1. A Stable, Experienced Travel Nursing Company 

Check the track record of your potential travel nursing agency. How long has the company been in operation? You can ask the nurses in your hospital who are also travelers to weigh in the different companies. Additionally, nursing blogs are a great source of information to gain insight into their reputations. Highway Hypodermics and other annual ranking lists can be useful. 

2. Housing Options and Great Average Salary

How do pay rates compare among the different travel nursing recruiters? Discussing the net pay when examining the full compensation package of a travel nurse staffing agency gives you insight into your overall pay. 

When it comes to housing, travel nursing recruiters significantly differ, with some offering a vast assortment of housing options and others offering low or high-quality options. Another alternative is to receive a housing stipend, allowing you to find your preferred accommodation or stay with a family member or friend and cut down on costs. 

3. The Perks You Want 

Benefits can differ significantly from one travel nursing agency to another. If something is essential to you, such as paid vacation time, rental vehicles, 401 (k) plans, and health insurance, choose recruiters who can accommodate your preferences. It’s worth noting that benefits can affect your pay rate. 

 4. Quality and Number of Travel Nursing Jobs

Take a look at the available assignments that travel nurse recruiters have available. If the destinations don’t tickle your fancy, it might pay off to continue searching for a reputable travel nursing company with the job opportunities you want. 
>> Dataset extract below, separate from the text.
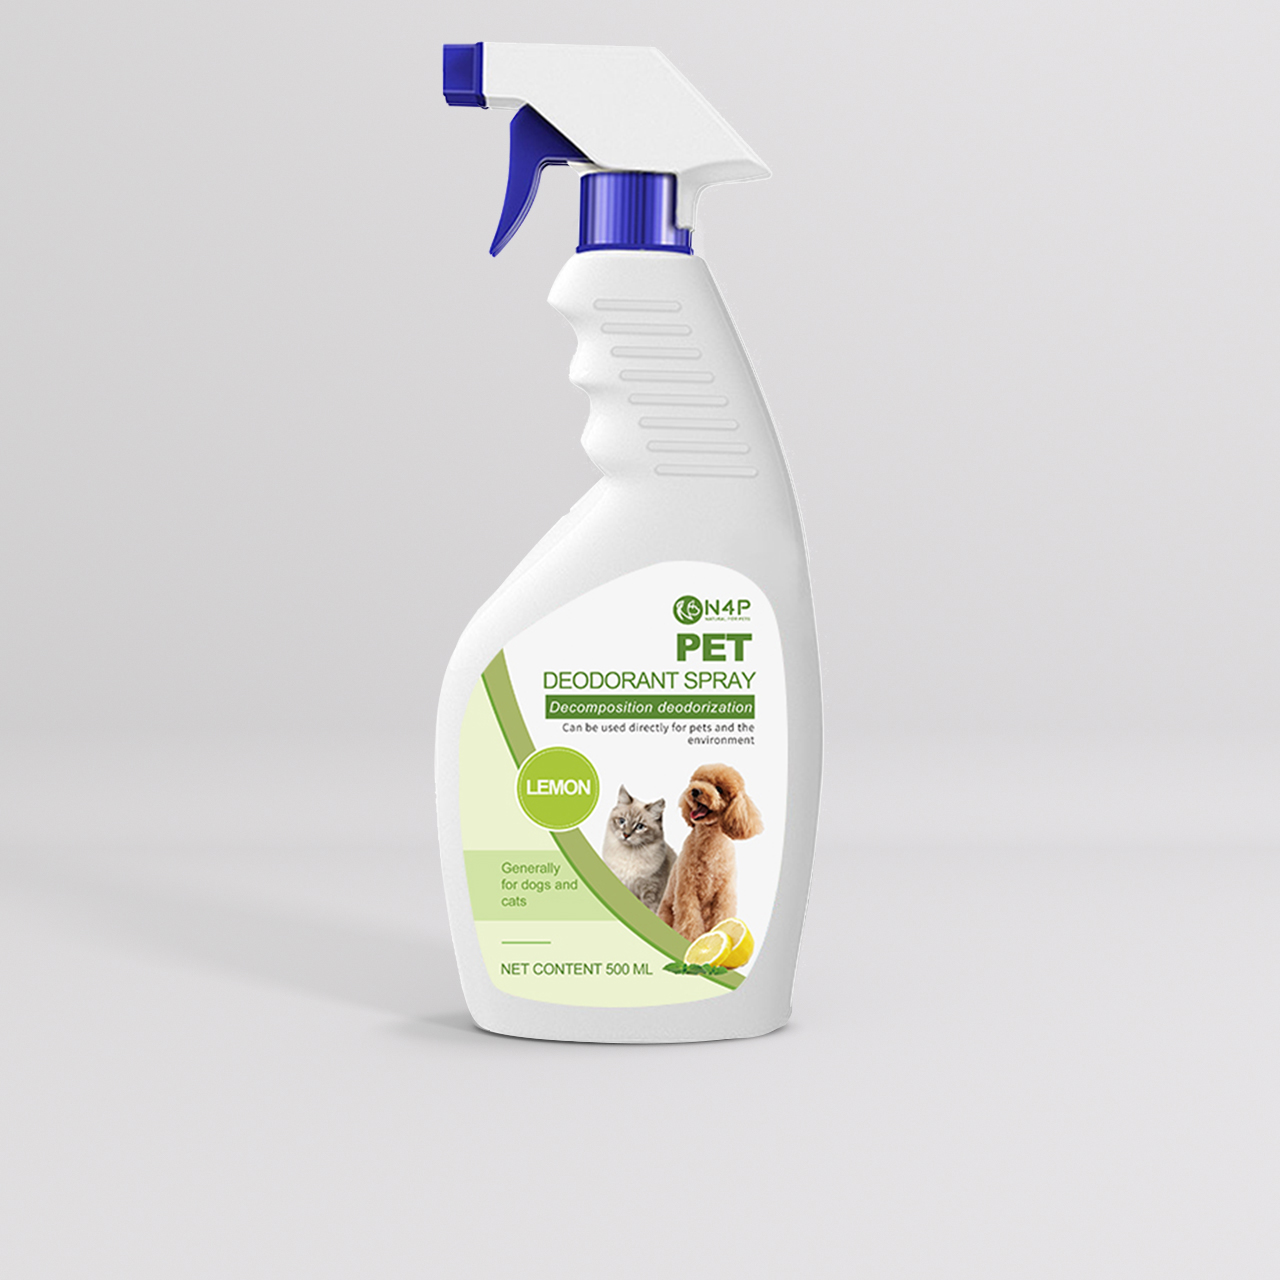 N4P Pets Deodorant Spray

5. Recruiters Who Make Your Life Easier 

Having travel nursing recruiters who are easily reachable and an ideal fit for you would be a dream come true. Some recruiters simplify the application process by using your resume to input information on job applications, and once you’re ready to begin, they’ll handle the paperwork. 

6. Trustworthy Recruiters

Ensure you feel at ease with your travel nursing agency and that they are trustworthy. Be keen on how your personalities mesh together, their experience in the industry, any pushiness, and your instincts. With a great travel nurse recruiter, you can easily overcome agencies that a tad bit behind in the field.